Johnny always registered under the name Constant Papineau, a cousin killed in the first war. Margo wore a ring she kept in her purse. Necessary rituals, but she couldn’t believe they were fooling the desk clerks, elevator operators, and glum proprietors of tourist cabins, who surely understood perfectly well what she and Johnny had come for.
The lobby bar was cool and dim and they were shown to a banquette. It was not a large room. It was dark but not sombre; the atmosphere felt intimate. The air smelled of ice and of polished wood and polished glasses. Johnny ordered manhattans. She took a few salted almonds from a little silver dish.
Over the summer Johnny had been dri
lling one night a week with the Régiment de Maisonneuve, his militia battalion. Margo had spent much of the summer in Maine; Johnny came down for weekends whenever he could get away. Both families owned cottages at Kennebunk Beach. She loved the hard light of the coast, loved seeing Johnny on the beach, his torso brown and wet. Loved standing in breaking surf, holding on to his arm.
Once his battalion mobilized it would be much harder to get together. The Maisies might be rushed overseas at a moment’s notice.
Manhattans came in tumblers stuffed with ice, the glass cold and paper-thin, a kind of honed delicacy. She loved the click of ice cubes, the coppery colour of the liquor, and the bright, lascivious cherry.
They had a habit when together of not always filling the air between them with talk. They shared a gift for creating silences that felt as intimate as anything they did. When they were feeling distant, they usually brought themselves together by staying quiet for a little while. In silence their harmony never failed to re-establish itself, though they were quite different sorts of people, really. She was protected, closed; he was fearless and open. She was hard rock made millions of years ago by her family; he was molten, still changing. She was cold, he was warm. Yet beneath his beautiful suits and bon vivant air he was a more serious person than she was. He’d read hundreds of books, spent a year studying the history of European law at the Sorbonne, learned to cook, worked in the kitchen of an inn at Lyons, travelled through Germany on a motorcycle.

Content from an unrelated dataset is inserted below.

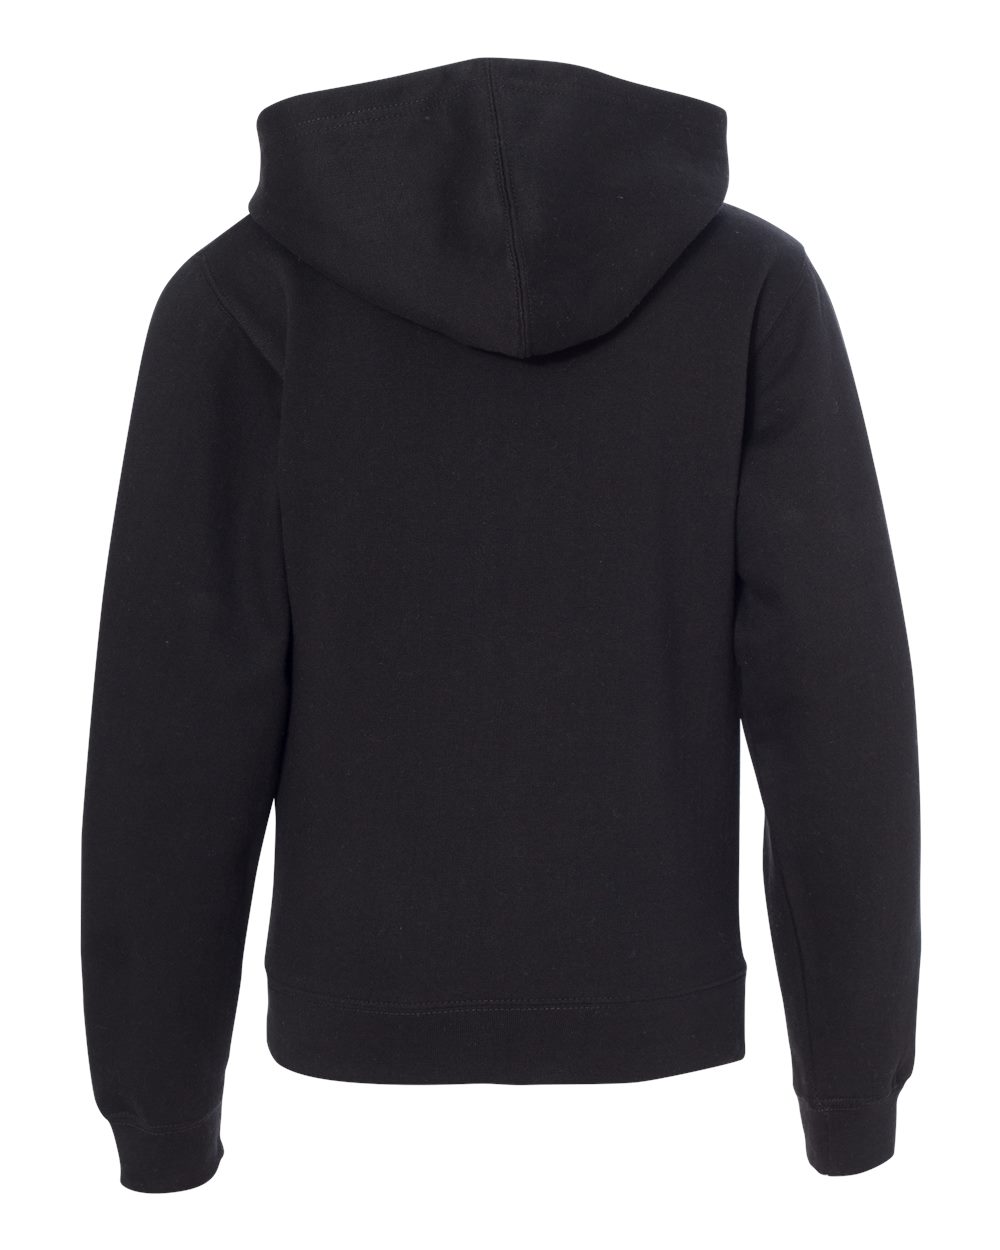 Independent Trading Co. SS4001YZ | Youth Midweight Full-Zip Hooded ...

Sometimes they didn’t say a word when they met. They went into the hotel room or the tourist cabin or whatever it was, took off their clothes in the available light, pulled the covers off the bed, lay down on the clean sheets. He would start kissing her slowly; everything developed from there, and conversation came after. In bed he insisted they speak only French. Her convent French was rusty but improving.